Re: [PATCH v6 09/10] hisi_acc_vfio_pci: Add support for VFIO live migration
From: Jason Gunthorpe
Date: Tue Mar 01 2022 - 08:15:42 EST
On Mon, Feb 28, 2022 at 09:41:10PM -0700, Alex Williamson wrote:
> > + * returning readable. ENOMSG may not be returned in STOP_COPY. Support
> > + * for this ioctl is required when VFIO_MIGRATION_PRE_COPY is set.
>
> This entire ioctl on the data_fd seems a bit strange given the previous
> fuss about how difficult it is for a driver to estimate their migration
> data size. Now drivers are forced to provide those estimates even if
> they only intend to use PRE_COPY as an early compatibility test?
Well, yes. PRE_COPY is designed to be general, not just to serve for
compatability. Qemu needs data to understand how the internal dirty
accumulation in the device is progressing. So everything has to
provide estimates, and at least for acc this is trivial.
> Obviously it's trivial for the acc driver that doesn't support dirty
> tracking and only has a fixed size migration structure, but it seems to
> contradict your earlier statements.
mlx5 knows exactly this data size once it completes entering
STOP_COPY, it has a migf->total_size just like acc, so no problem to
generate this ioctl. We just don't have a use case for it and qemu
would never call it, so trying not to add dead things to the kernel.
Are you are talking about the prior discussion about getting this data
before reaching STOP_COPY?
> For instance, can mlx5 implement a PRE_COPY solely for compatibility
> testing or is it blocked by an inability to provide data estimates
> for this ioctl?
I expect it can, it works very similar to acc. It just doesn't match
where we are planning for compatability. mlx5 has a more dynamic
compatability requirement, it needs to be exposed to orchestration not
hidden in pre_copy. acc looks like it is static, so 'have acc' is
enough info for orchestration.
> Now if we propose that this ioctl is useful during the STOP_COPY phase,
> how does a non-PRE_COPY driver opt-in to that beneficial use case?
Just implement it - userspace will learn if the driver supports it on
the first ioctl = ENOTTY means no support.
> Do we later add a different, optional ioctl for non-PRE_COPY and
> then require userspace to support two different methods of getting
> remaining data estimates for a device in STOP_COPY?
I wouldn't add a new ioctl unless we discover a new requirement when
an implementation is made.
> If our primary goal is to simplify the FSM, I'm actually a little
> surprised we support the PRE_COPY* -> STOP_COPY transition directly
> versus passing through STOP.
A FSM should not have a hidden 'memory' of its past states.
STOP->STOP_COPY should always do exactly the same thing, regardless of
how the FSM reached STOP
The goal is to make the driver easy to implement, which has been done
by mapping the FSM arcs onto the logical actions a driver needs to
take.
We can't avoid that the driver does different things on
PRE_COPY->STOP_COPY vs STOP->STOP_COPY, so the input arcs should
reflect these situations directly.
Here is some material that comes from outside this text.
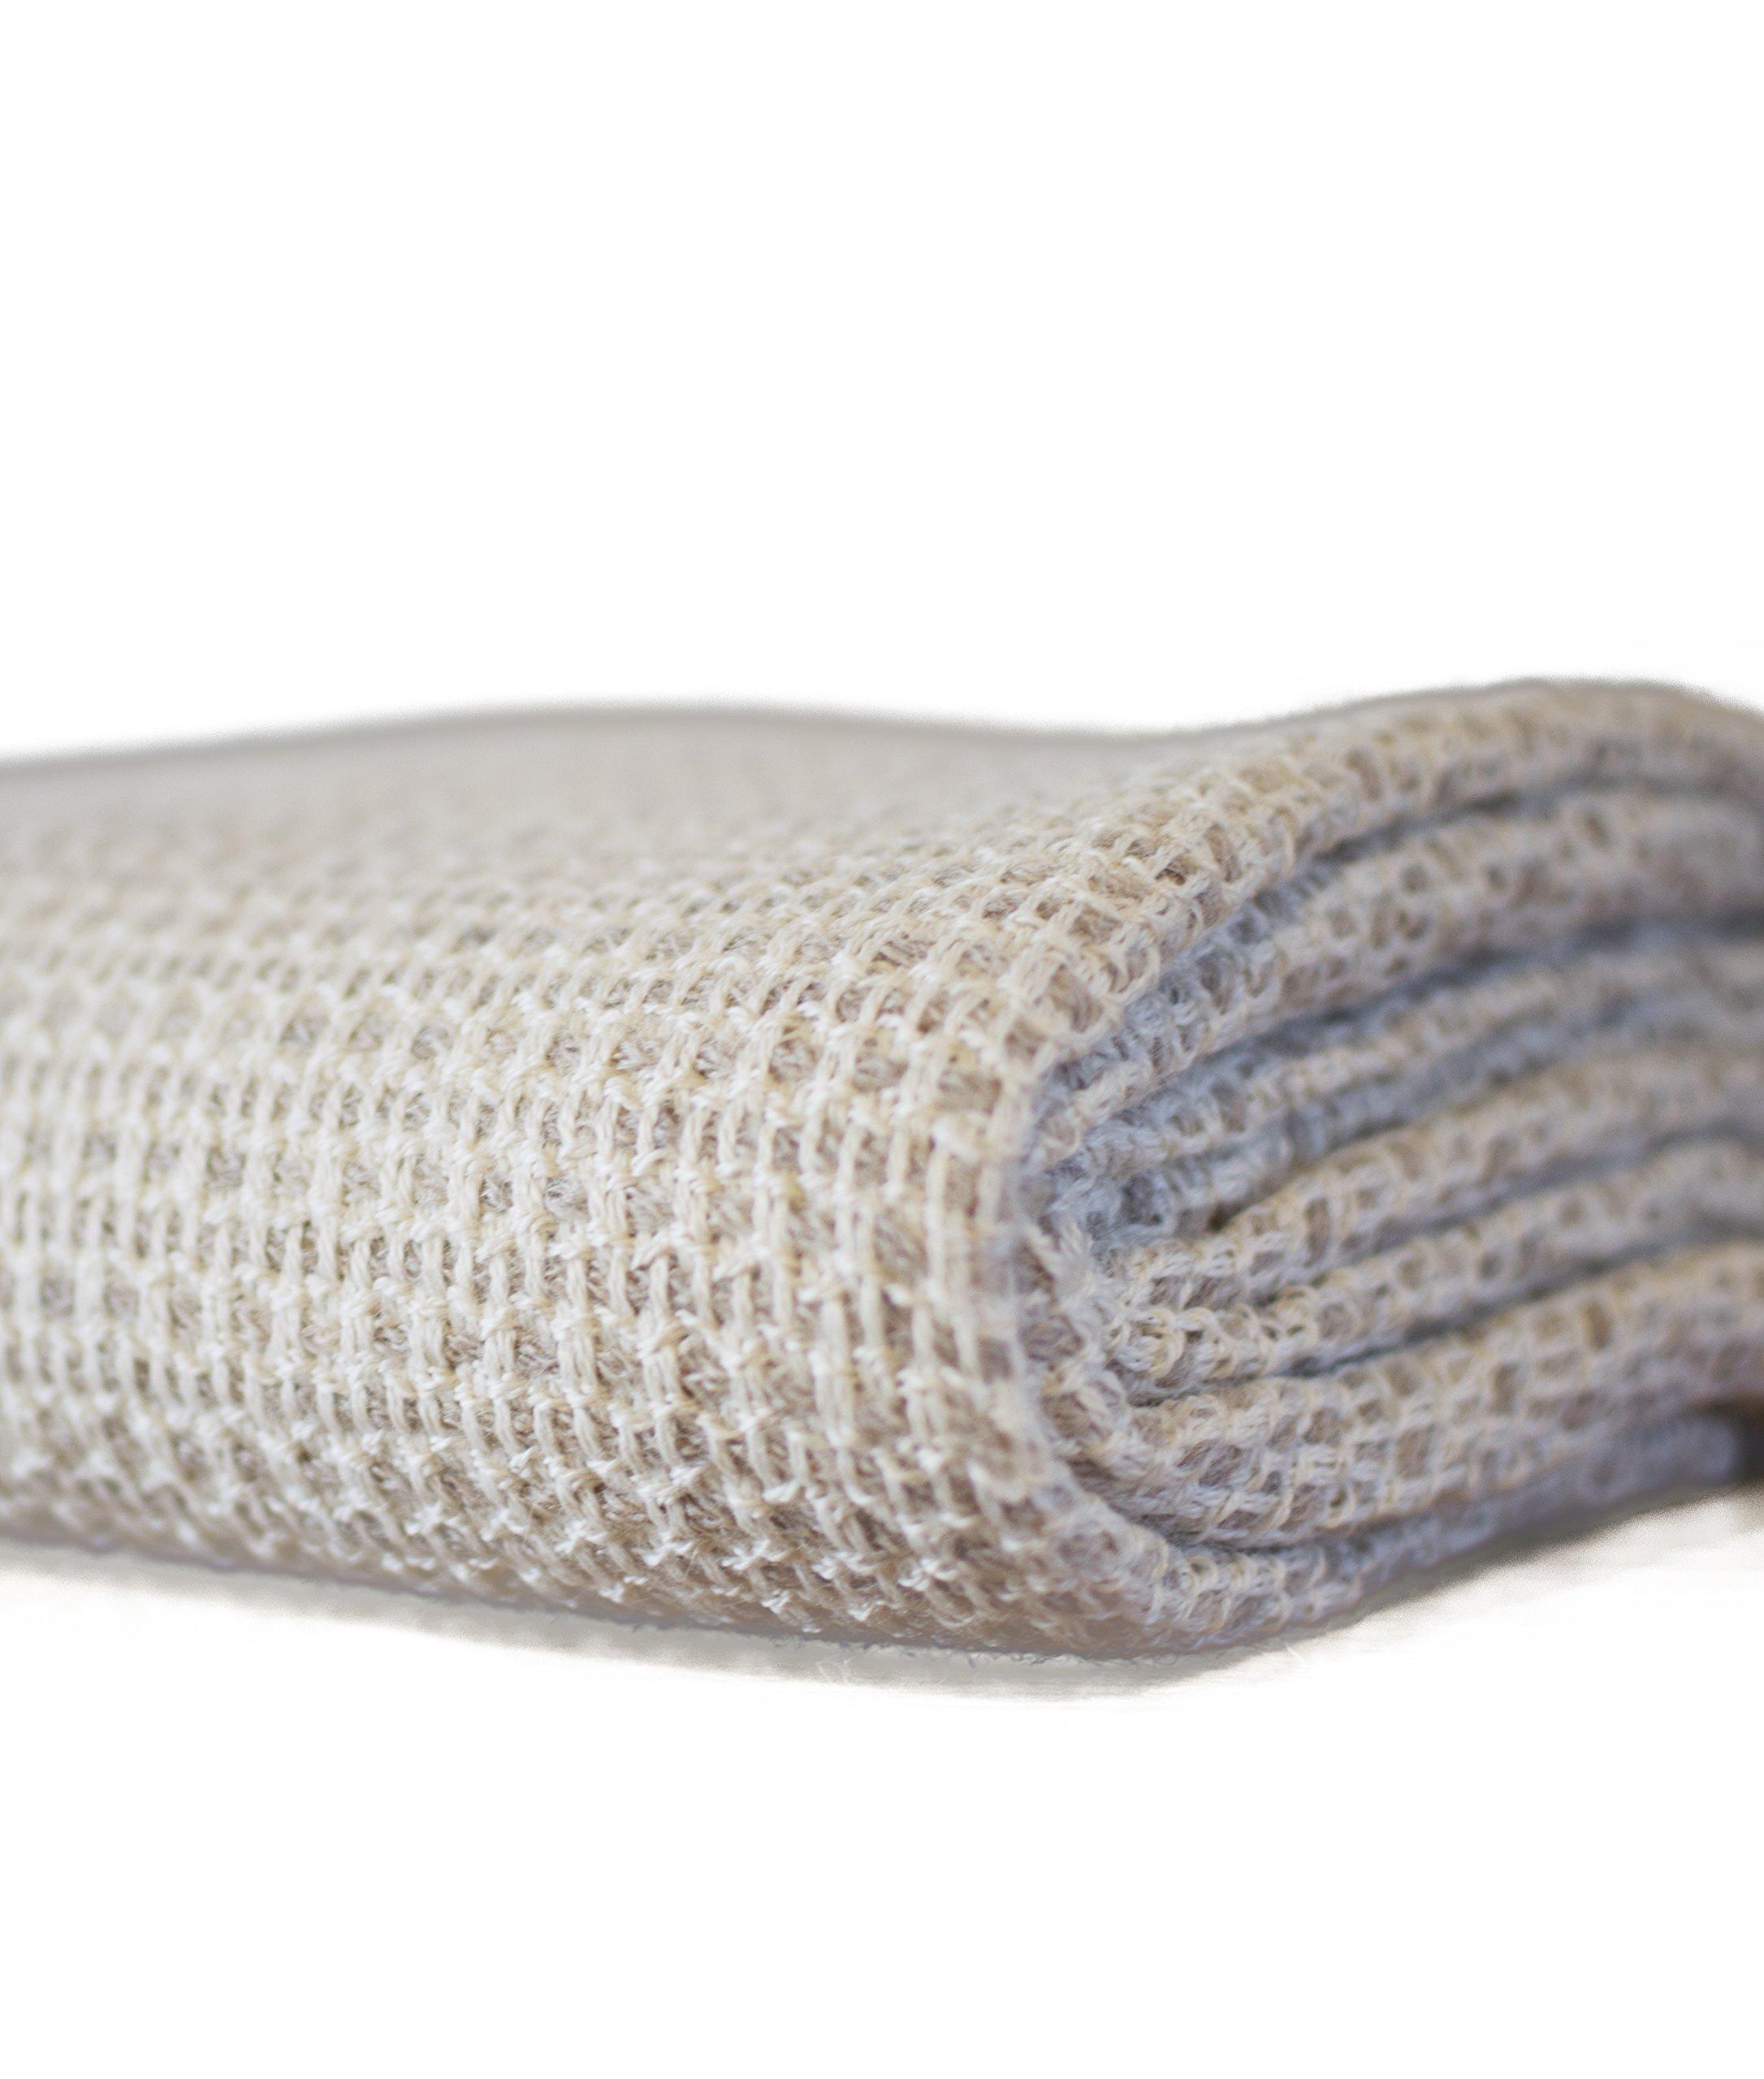 Premium Super Soft Alpaca Wool Hand Woven Throw Blanket (Taupe)

Notice the drivers are not deciding
what to do in these arcs based on hidden internal state.
> It seems this exists due to our policy that we can only generate one
> data_fd as a result of any sequence of state transitions, but I
> think there might also be an option to achieve similar if the
> PRE_COPY* states are skipped if they aren't the ultimate end state
> of the arc.
Are you talking about the other path? The FSM today requires drivers
to implement RUNNING->STOP_COPY - the FSM could also do:
RUNNING->PRE_COPY->STOP_COPY
And just carry forward the data_fd. This would eliminate one arc from
the driver at the cost of always having to turn on internal dirty
tracking/etc.
> I'm sure that raises questions about how we correlate a
> PRE_COPY* session to a STOP_COPY session though, but this PRE_COPY*
> specific but ongoing usage in STOP_COPY ioctl seems ad-hoc.
I do not think it is "pre_copy specific" - the ioctl returns the
estimated length of the data_fd, this is always a valid concept.
Jason